### RECORDED DATA ###

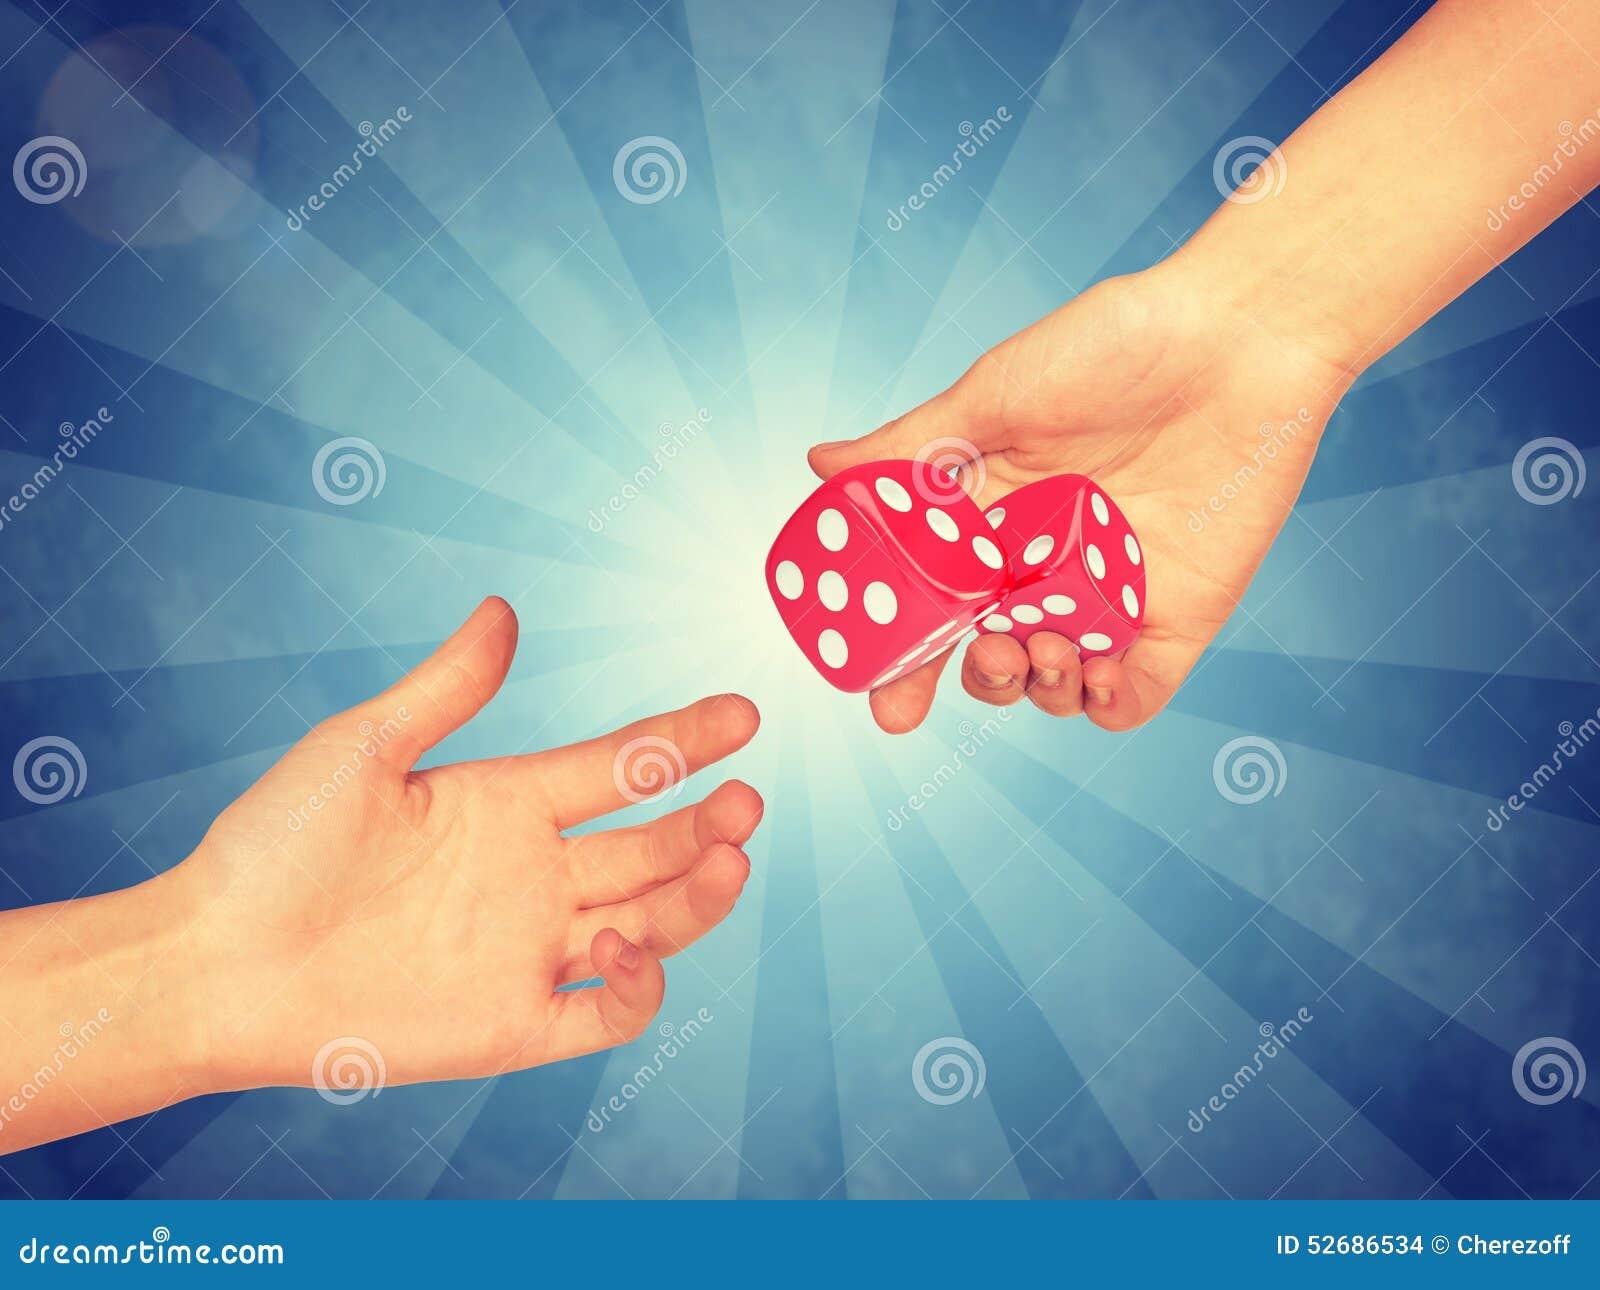 Hand passing pink bones
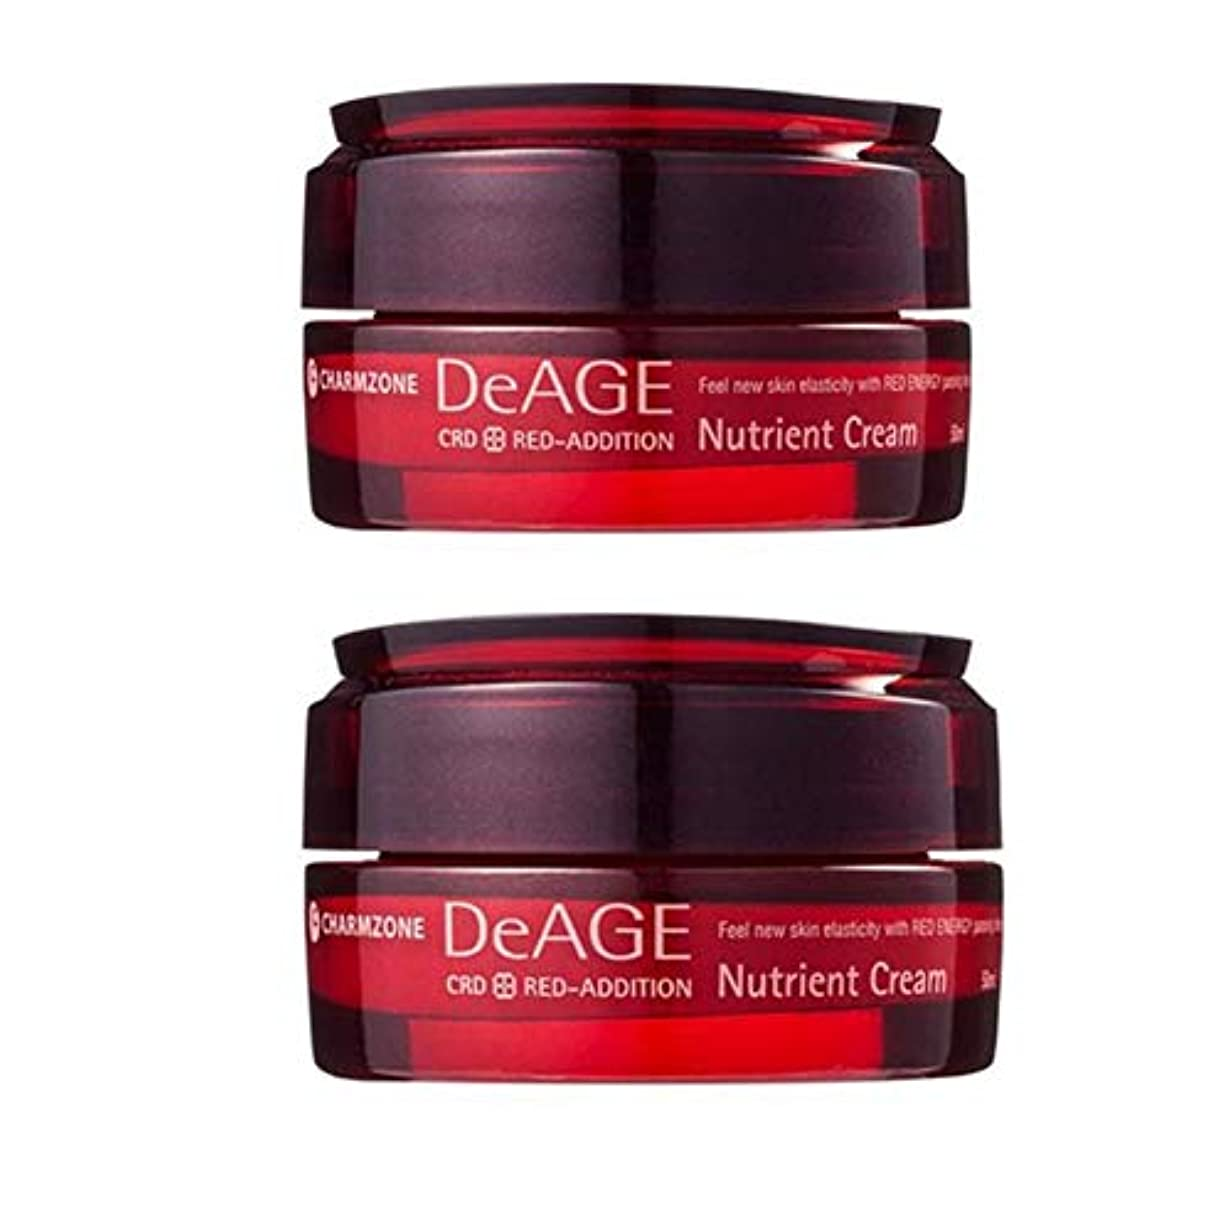 スリッパこしょう苦チャムジョンディエイジレッドエディションニュトゥリオントゥクリーム50ml x 2本セット 栄養クリーム, Charmzone DeAGE Red-Addition Nutrient Cream 50ml x 2ea Set [並行輸入品]
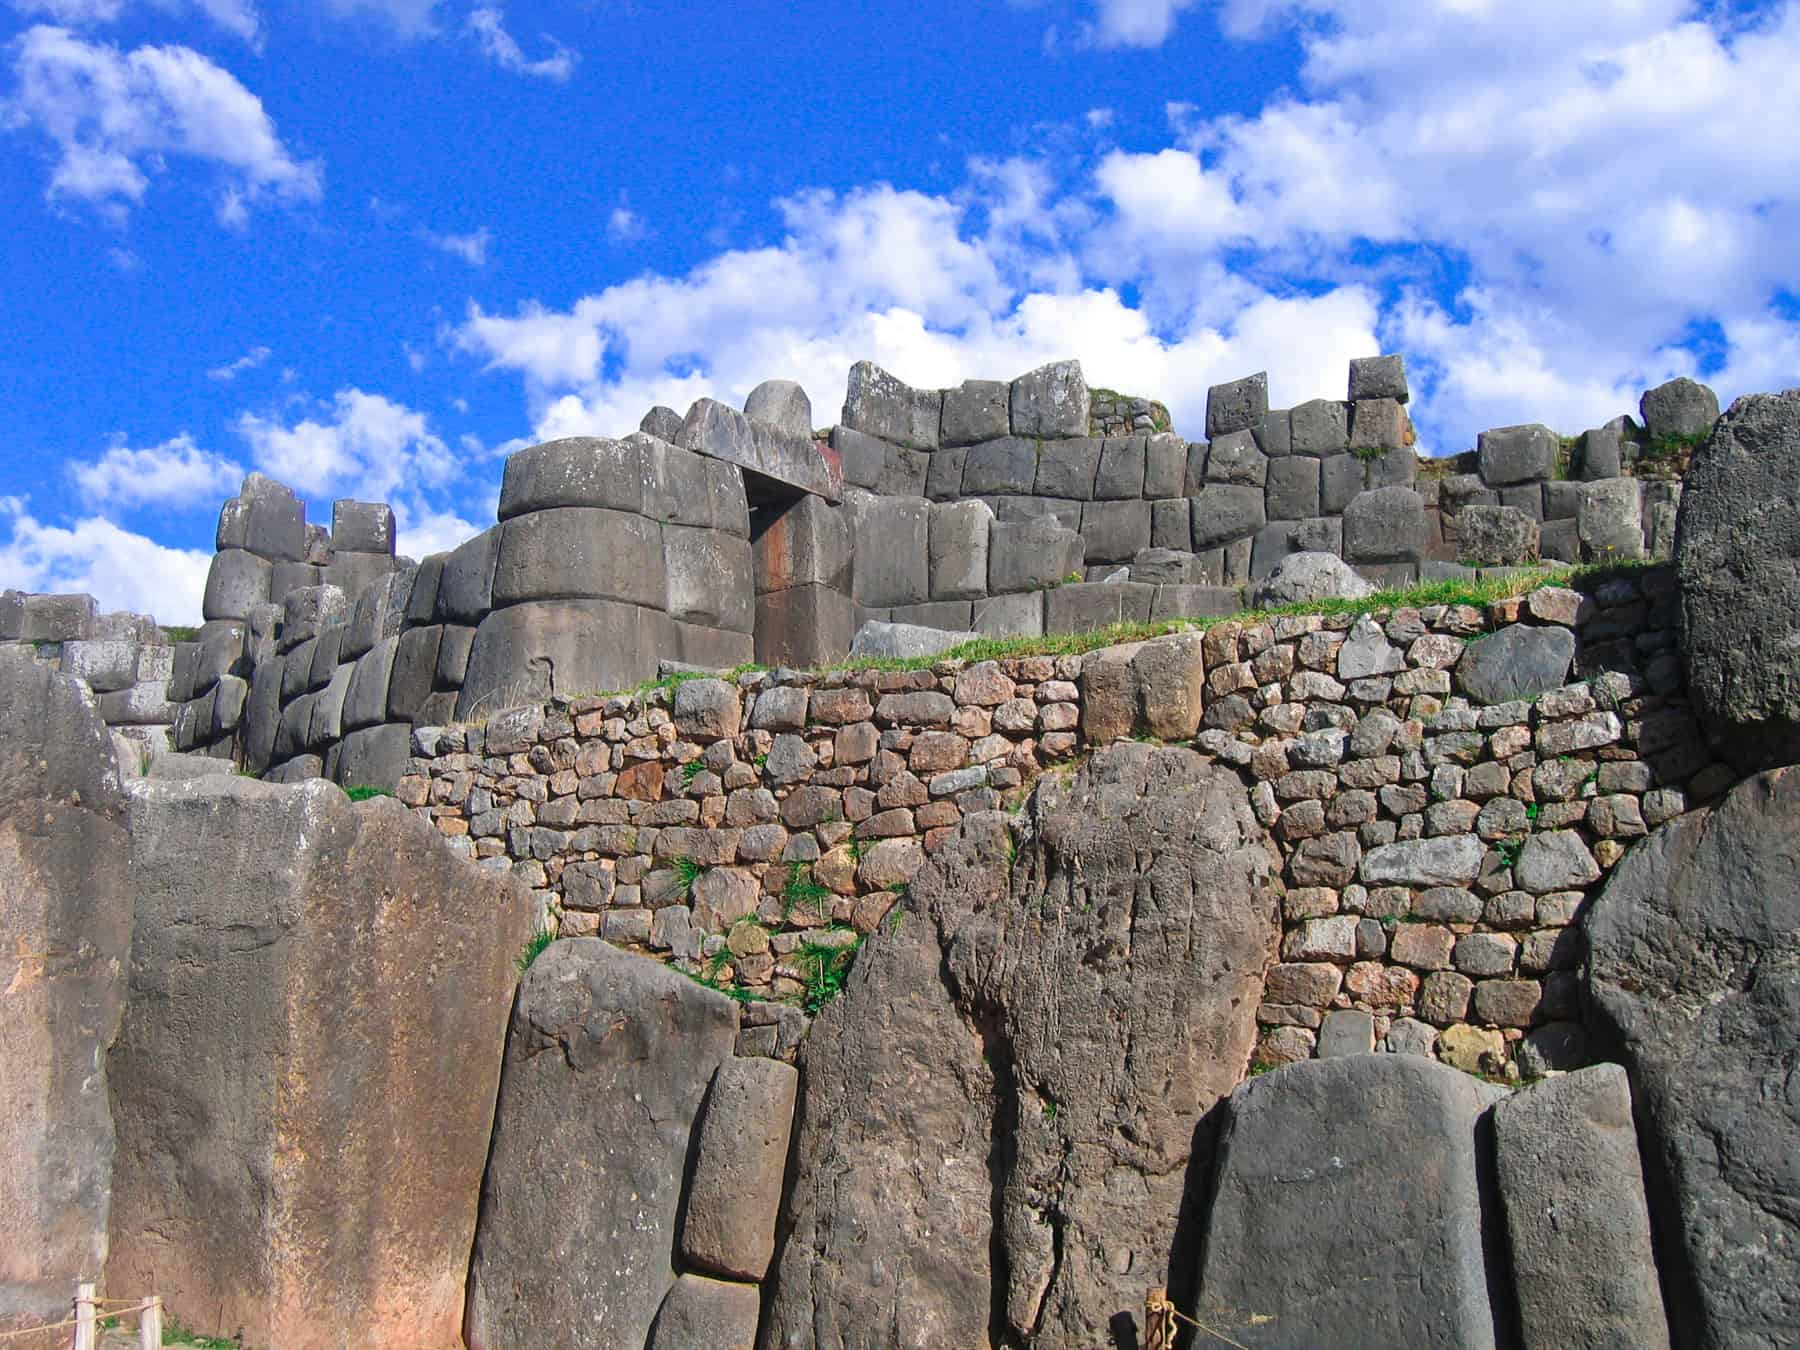 que lugares visitar en Cusco - Sacsayhuaman

###

TASK BRIEF: An exact copy of every line above is needed, without the images.

FINISHED EXERCISE:
 Hand passing pink bones
 スリッパこしょう苦チャムジョンディエイジレッドエディションニュトゥリオントゥクリーム50ml x 2本セット 栄養クリーム, Charmzone DeAGE Red-Addition Nutrient Cream 50ml x 2ea Set [並行輸入品]
 que lugares visitar en Cusco - Sacsayhuaman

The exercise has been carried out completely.